この30年間、同じ問いを繰り返してきたように思う

人生の重点化

【1996年4月記載】

古くからアメリカに伝わる諺に、
    100を切れないゴルファーは、ゴルフをおろそかにしている。
    90台で回るゴルファーは、家庭をおろそかにしている。
    80台は家庭も仕事もおろそかにしている。
    70台は? ゴルフ意外のすべてを犠牲にしている。
というのがある。

しごくもっともでありちょっとゴルフをした人ならば、思わず納得してしまう。かように人生というものは限られたものであり、誰もみな1日は24時間であり、人のやれることには限界がある。何事か力を入れてしようとすると、ほとんどの場合何か別なものを犠牲にしなくてはならない。しかし一方で人の能力には差があり、何事にも長けている人もいれば反対に何をしても駄目な人もいる。また1日を有効に使い、24時間全く無駄のない生き方をしている人もいるだろう。だがそれでもやはり限界はある。いくら能力があるからといっても全く性質の違う事柄に3つも4つも精通し、その道の第一人者になれる人など有りえないし、24時間をいくら有効に使っても、24時間は24時間であり、1日の半分をボーとして過ごしている人のせいぜい倍にしかならない。人生やれることはたかが知れている。

  けれどしたい事が山ほどあるのも人生だ。生きて行くためには仕事もしなくちゃあいけない。仕事は仕事でも、ルーチンワークだけでなく何か自分というものを表現できる創造的なことをやろうと思えば、仕事だけでも大変だ。趣味でもやりたい事はたくさんあるはず。スポーツならゴルフ、テニス、水泳にスキー...。園芸もやりたい、日曜大工も楽しそう。芸術的なものなら油絵も描いてみたいし、ピアノだって弾いてみたい。推理小説なんかも書いたら面白そうだ。本を片手に旅をするのも悪くない。どれでも良いから徹底的にやってみたい思いは強い。しかし人生はやりたい事全部に手を初め、やり遂げられるほど長くはない。

  しからば、お金で時間は買えないのか。…答えはイエス。炊事、掃除、洗濯そして育児、日常の生きる為にしなければならない仕事はお金を払うことによって、そのほとんどが省略可能になってくる。また自分のやりたい事をするために要する時間とエネルギー、例えば移動するため、情報を得るため、ストレスを発散させるための幾つかはやはりお金によって何とかなるものだ。だから人生の価値をあくまでも創造的活動に置くならば、お金を使って"ムダ"を省き、その創造的と思われる活動のみをやっていればいいわけである。が、果してそれだけやるのも人生の基本をないがしろにしている様で、何だか変な気がする。それはやはり、そこそこにムダと思われる事もしてはじめて人生の価値が分かるからであろうし、そのムダを省いた事くらいでそんなに大きな事ができるわけでもなく、いろいろな事に手を出しても納得のいくような結果を簡単には得られるわけでもない事が、漠然とながらもあらかじめ想像がついているからである。
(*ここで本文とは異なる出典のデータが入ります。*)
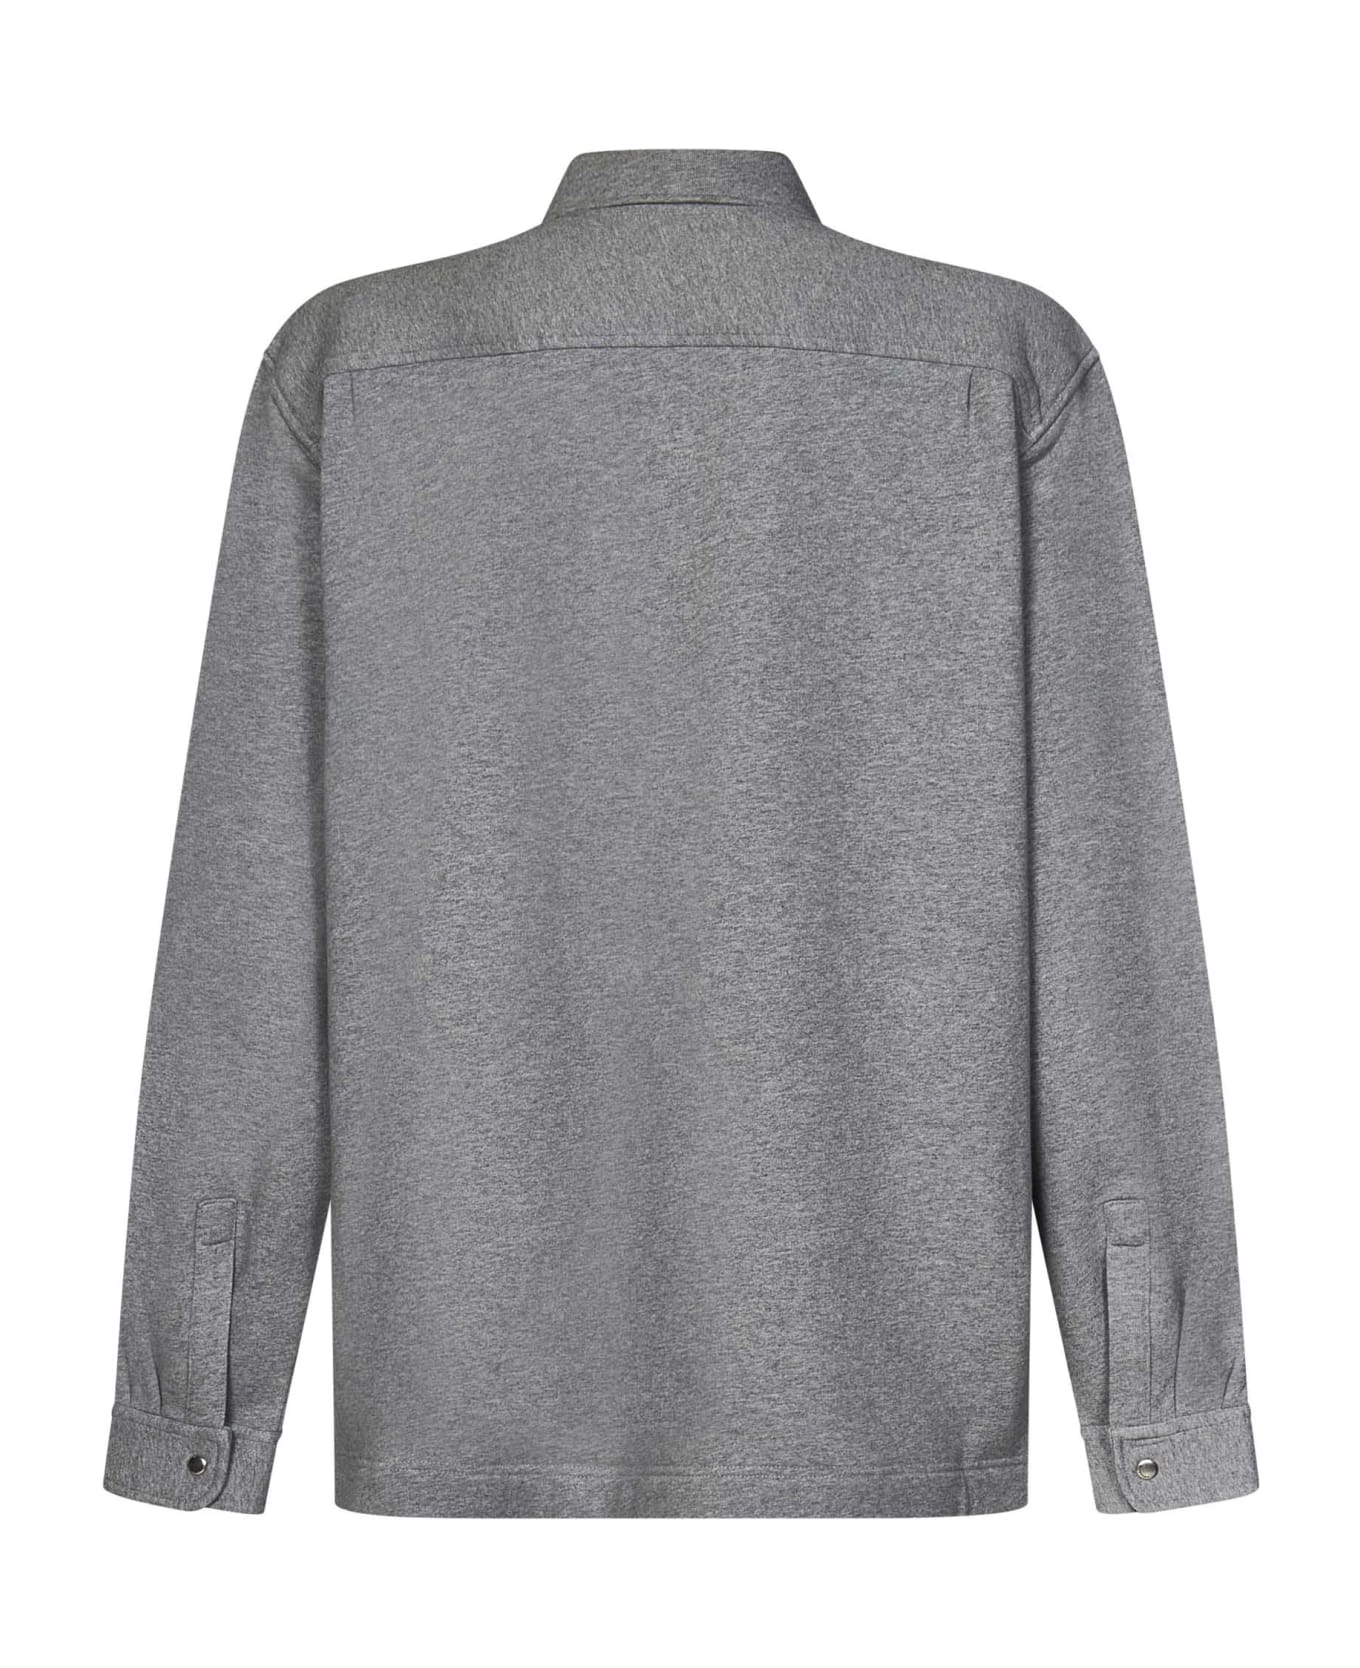 Givenchy Shirt - Grey シャツ
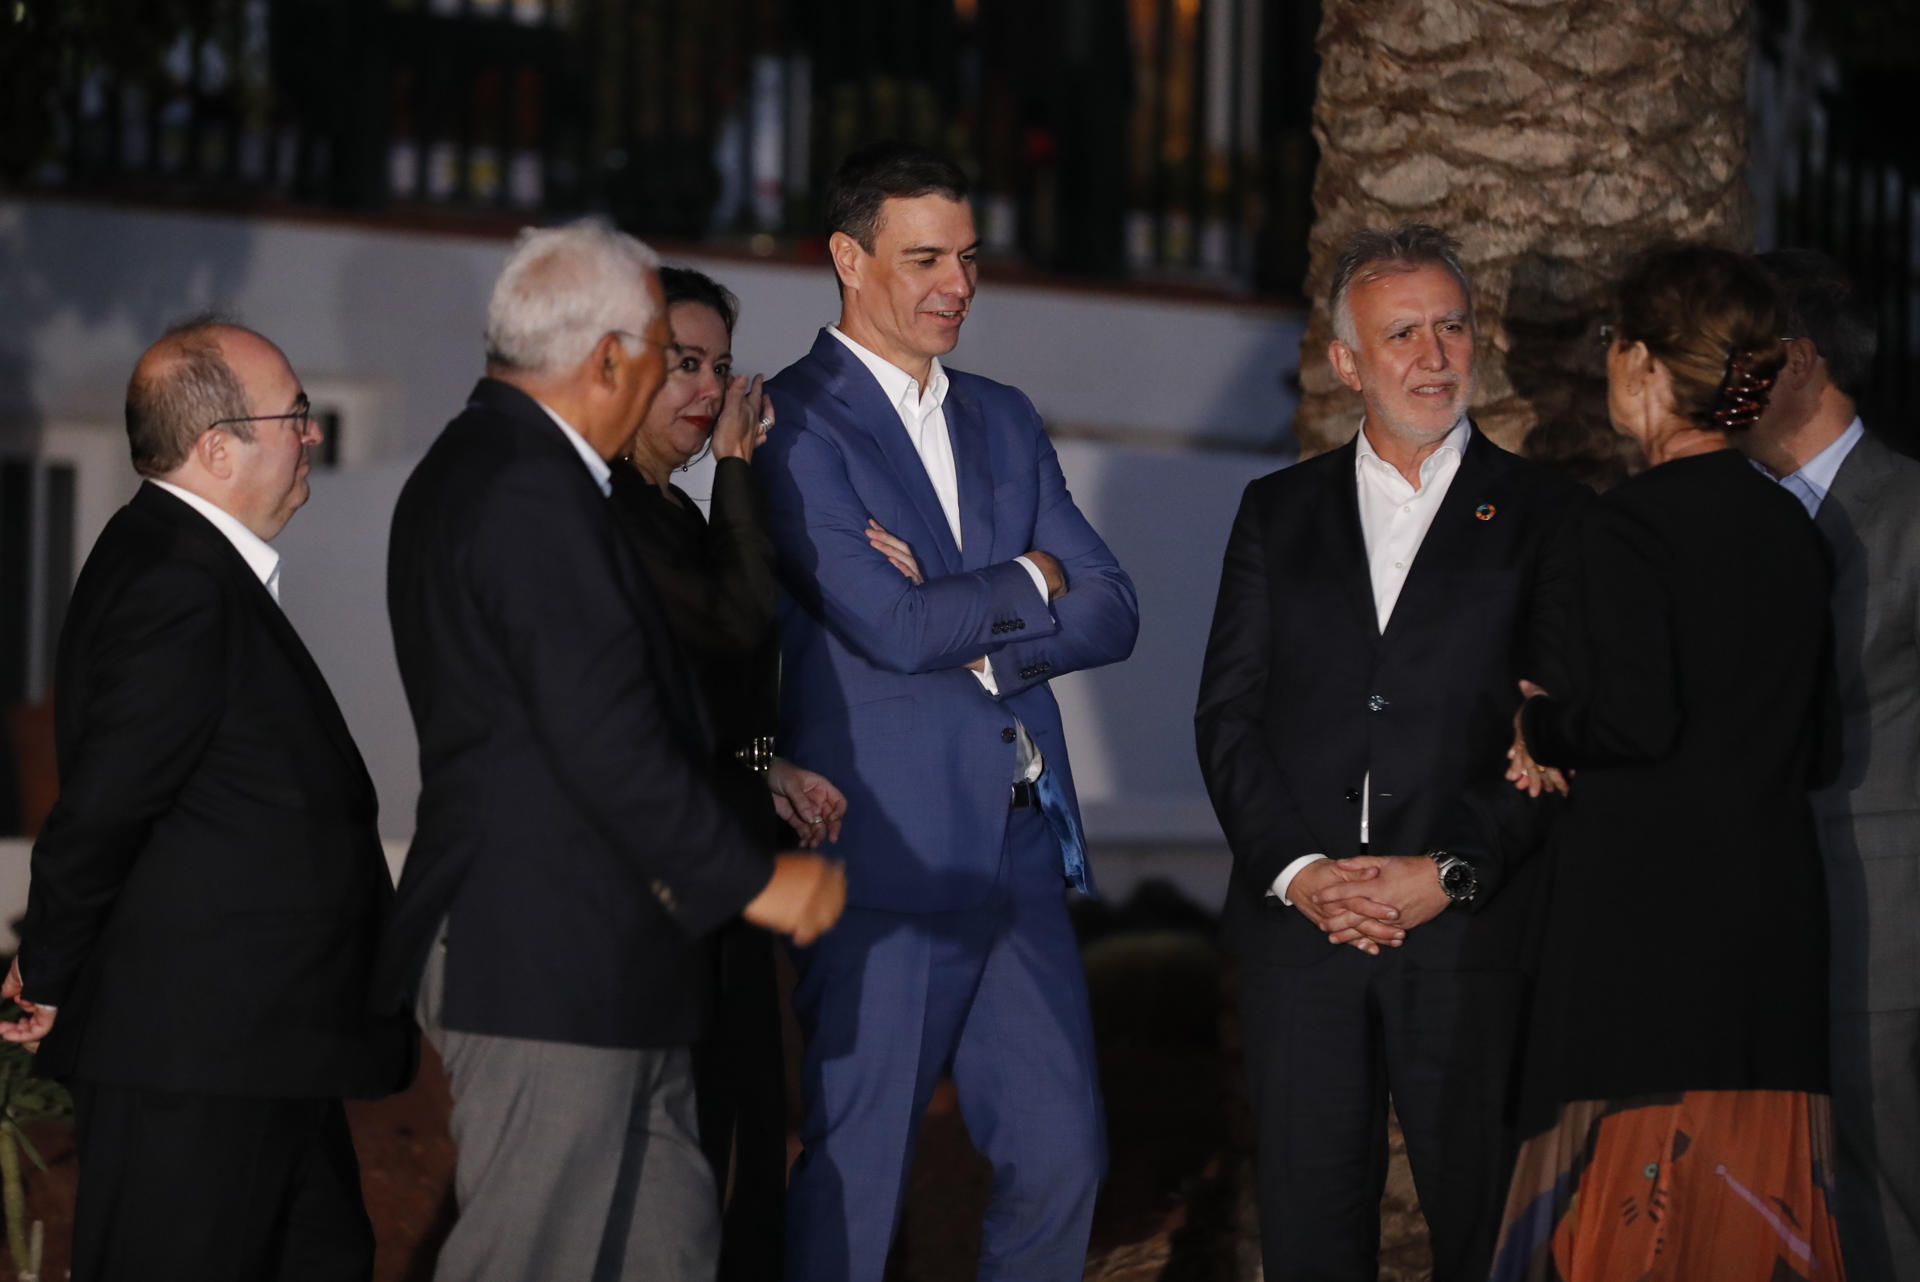 El presidente del Gobierno, Pedro Sánchez (c), conversa con el primer ministro de Portugal, Antonio Costa (2-i), y el presidente de Canarias, Ángel Víctor Torres (2-d), durante su última visita a Lanzarote, el pasado 14 de marzo, en la Casa de José Saramago. EFE/Elvira Urquijo

  やはり大切なのは限りある人生であるからして、何に重点を置いて生きていくのか、それをハッキリさせることだろう。たとえそれが他人からどんなに揶揄され様とも、自分で納得できるもので周りの人々に大きな迷惑をかけないものであれば、それでいいと思う。

  けれど40年生きてきても私にはそれが無い。人生における重点目標が無い。「これがしたい」「これこそが私の人生だ」と言い切れるものはまだない。どうしてもそこそこに何でもこなそうとする。仕事は仕事で「これがやりたい」「こういう業務に就いてこういう成果を出したい」という強い思いはなく、ただ与えられた仕事を自分なりに精一杯努力しながら効率よく、効果的に成し遂げようとするだけである。日常の家事の手伝いや同僚との付き合いもほどほどに、趣味もこれといったものに打ち込むでもなく、人並の事を人並にするだけである。

  この世の中に生まれてきた以上、やはり生きた証を残したい。残して何になるんだという気もするけれど、生きる軸を見つけてそれに人生を賭けてみたい。単なる仕事馬鹿に終わるような人生でなく...。もちろん、家事と育児に人生の重点を置いているであろう主婦である妻の力なしでは出来ない相談なのだけれども…。